Although small organizations are have made progress to dedicate at least one staff member full time to security, they still lag behind larger organizations in the effectiveness of their security resources. The survey found that while less than 5% of medium and large organizations rated their security staff as ineffective, 23% of small organizations rated their staff as ineffective. Based on this it is likely that smaller organizations may be open to attack as they continue to be a top target.

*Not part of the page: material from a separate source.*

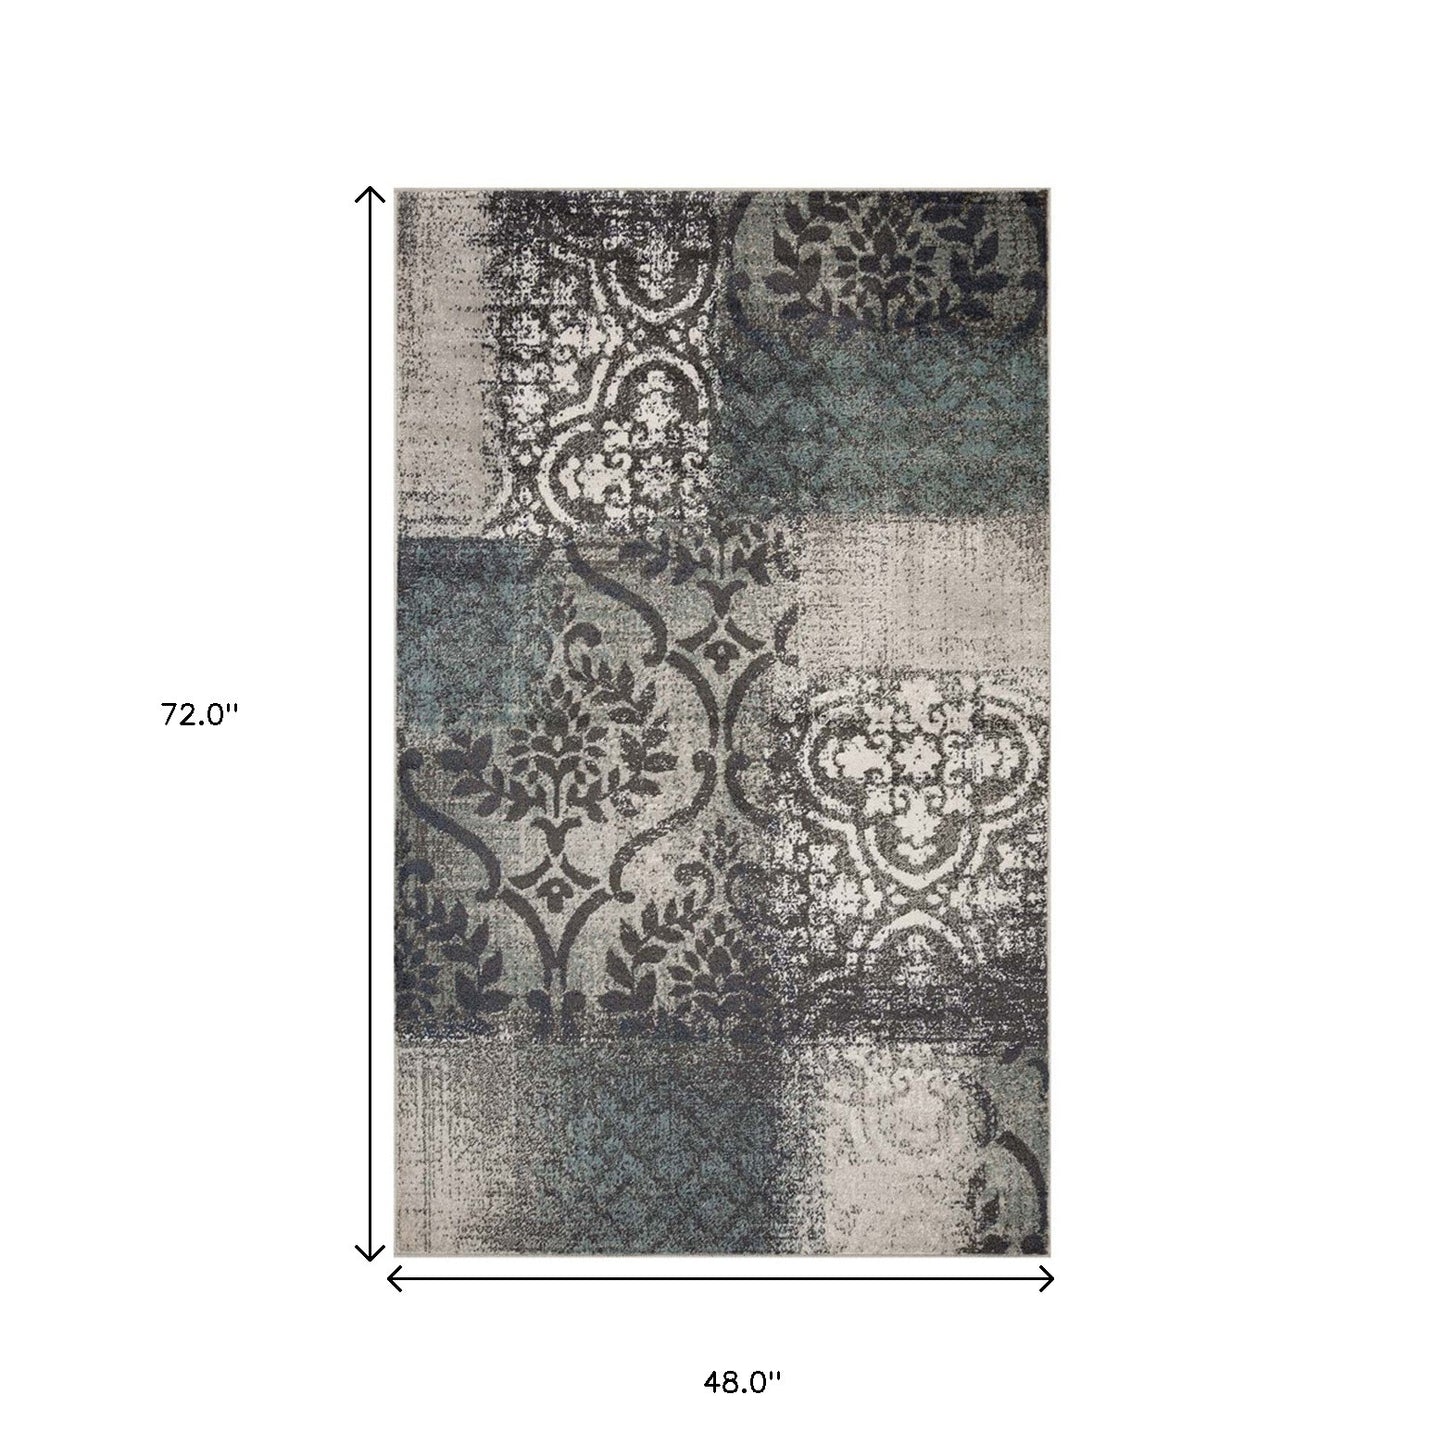 4' X 6' Teal And Gray Damask Distressed Stain Resistant Area Rug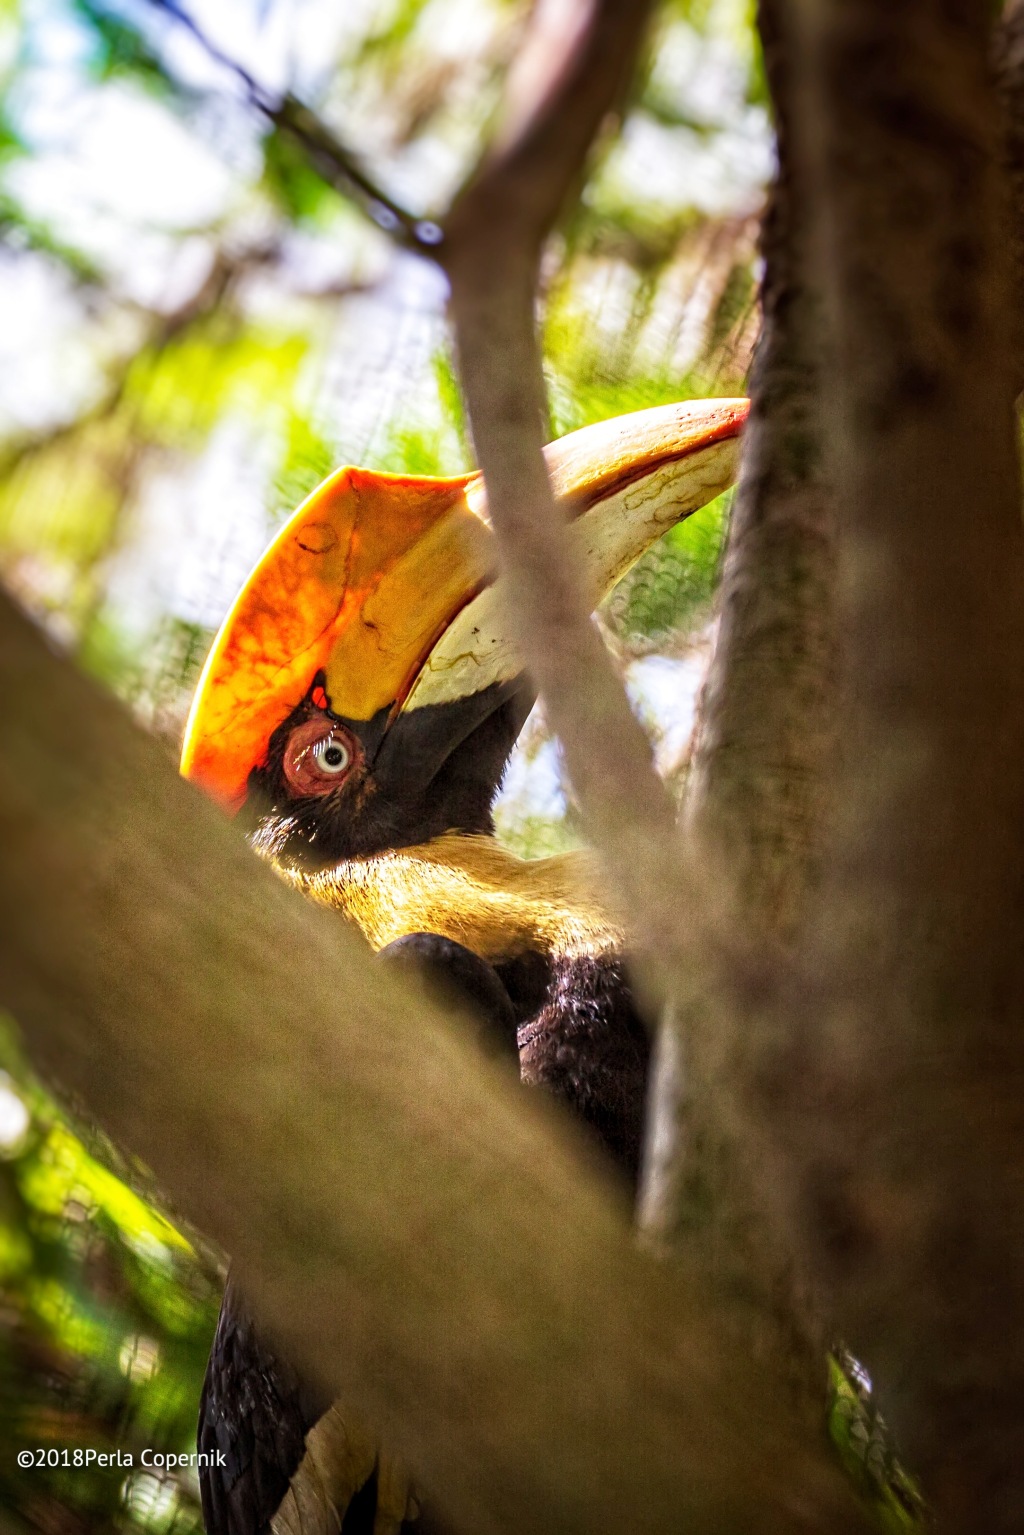 Part II:  Nuts About Hornbills: What’s So Special About Them?

Less Than a Third of Organizations Conduct Penetration Tests

One surprising statistic from the survey was that only 32% of organizations reported using external penetration tests. Penetration testing can provide a risk reduction for organizations by revealing vulnerabilities, showing the real risk of vulnerabilities, testing cyber-defense capability, offering deep, diverse threat defense techniques and processes, and helping organizations comply with regulations and certifications. Benefits include:

• Uncovering critical vulnerabilities in your environment – Penetration testing helps organizations to discover where they are potentially vulnerable to cyberattacks and provides recommendations on how to improve security posture.
• Prioritizing and tackle asset risks based on their exploitability and impact – A penetration test identifies a detailed listing of exploitable vulnerabilities and includes a risk-based prioritization of recommendations to help organizations improve protection levels in the short, mid and long-term.
• Meeting compliance with industry standards and regulations – Annual penetration testing is a common compliance requirement. Common compliance frameworks include ISO 27001, NIST, FISMA, HIPAA, Sarbanes-Oxley or the Payment Card Industry Data Security Standard (PCI DSS), which requires annual as well as ongoing penetration testing.
• Keeping executive management informed about an organization’s risk level – Executive management and the board of the directors need to be informed about how well protected their organization really is against potential attacks.

 

Conclusion

The IDC Canada Study reveals important insights into the current state of cybersecurity defenses as well as year over year changes. While organizations have made important strides to take their defenses more seriously with more resources and staffing, they still struggle with traditional vulnerabilities like third party management and patching. With the costs of breaches continuing to rise, organizations would do well to continue to implement key defensive measures, including baselining their defense posture with a comprehensive penetration testing.